There is one more issue - when package is excluded fromcertai version , the 'lowest deendencies' test goes wild - it tests all other packages then. This should be fixed as part of CI infra fix

potiuk avatar Aug 30 '24 10:08 potiuk

I added a fixup that is supposed to skip cloundant tests for 3.8, 3.9, 3.12 @topherinternational

potiuk avatar Aug 31 '24 23:08 potiuk

Almost there. For some strange reason apache.beam "downgrade" does not work quite consistently and hangs for Python 3.12.

Need to take a look

potiuk avatar Sep 01 '24 09:09 potiuk

I guess we will also have to exclude Python 3.12 version - until apache.beam fixes the conflicts.

potiuk avatar Sep 01 '24 12:09 potiuk

There is one more issue - when package is excluded fromcertai version , the 'lowest deendencies' test goes wild - it tests all other packages then. This should be fixed as part of CI infra fix

I found the bug in breeze that causes this, I am coding it up into a separate PR.

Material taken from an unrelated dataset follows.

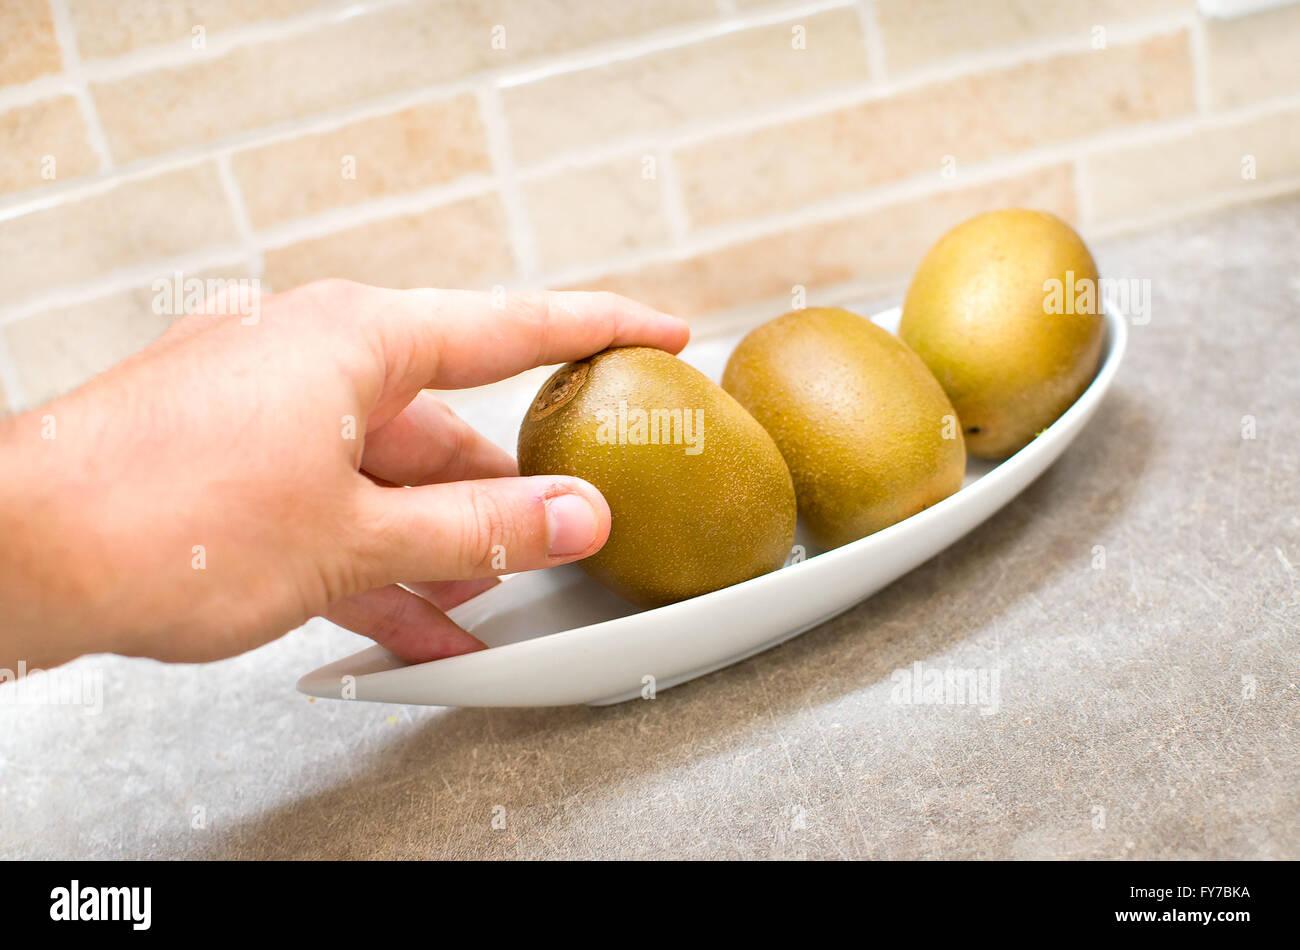 kiwi nutritional food - Stock Image

topherinternational avatar Sep 01 '24 17:09 topherinternational

Hmm. The problem is this for apache.beam

--verbosity=0 --strict-markers --durations=100 --maxfail=50 --color=yes
--junitxml=/files/test_result-providers_apache_beam-postgres.xml
--timeouts-order moi --setup-timeout=60 --execution-timeout=60 --teardown-timeout=60 
--disable-warnings -rfEX --ignore=tests/system --ignore=tests/integration
--warning-output-path=/files/warnings-providers_apache_beam-postgres.txt
--ignore=helm_tests --with-db-init --ignore=tests/providers/apache/beam
--ignore=tests/system/providers/apache/beam
--ignore=tests/integration/providers/apache/beam --no-cov

It runs all other tests as beam is also excluded for Python 3.12

potiuk avatar Sep 04 '24 09:09 potiuk

This one should fix it https://github.com/apache/airflow/pull/41991

potiuk avatar Sep 04 '24 10:09 potiuk

Hmm. The problem is this for apache.beam


--verbosity=0 --strict-markers --durations=100 --maxfail=50 --color=yes

--junitxml=/files/test_result-providers_apache_beam-postgres.xml

--timeouts-order moi --setup-timeout=60 --execution-timeout=60 --teardown-timeout=60 

--disable-warnings -rfEX --ignore=tests/system --ignore=tests/integration

--warning-output-path=/files/warnings-providers_apache_beam-postgres.txt

--ignore=helm_tests --with-db-init --ignore=tests/providers/apache/beam

--ignore=tests/system/providers/apache/beam

--ignore=tests/integration/providers/apache/beam --no-cov

It runs all other tests as beam is also excluded for Python 3.12

Hmm, that looks like the same problem I brought up in #41967, Breeze removes the test dir argument for the excluded provider, and so the command winds up running all of the tests.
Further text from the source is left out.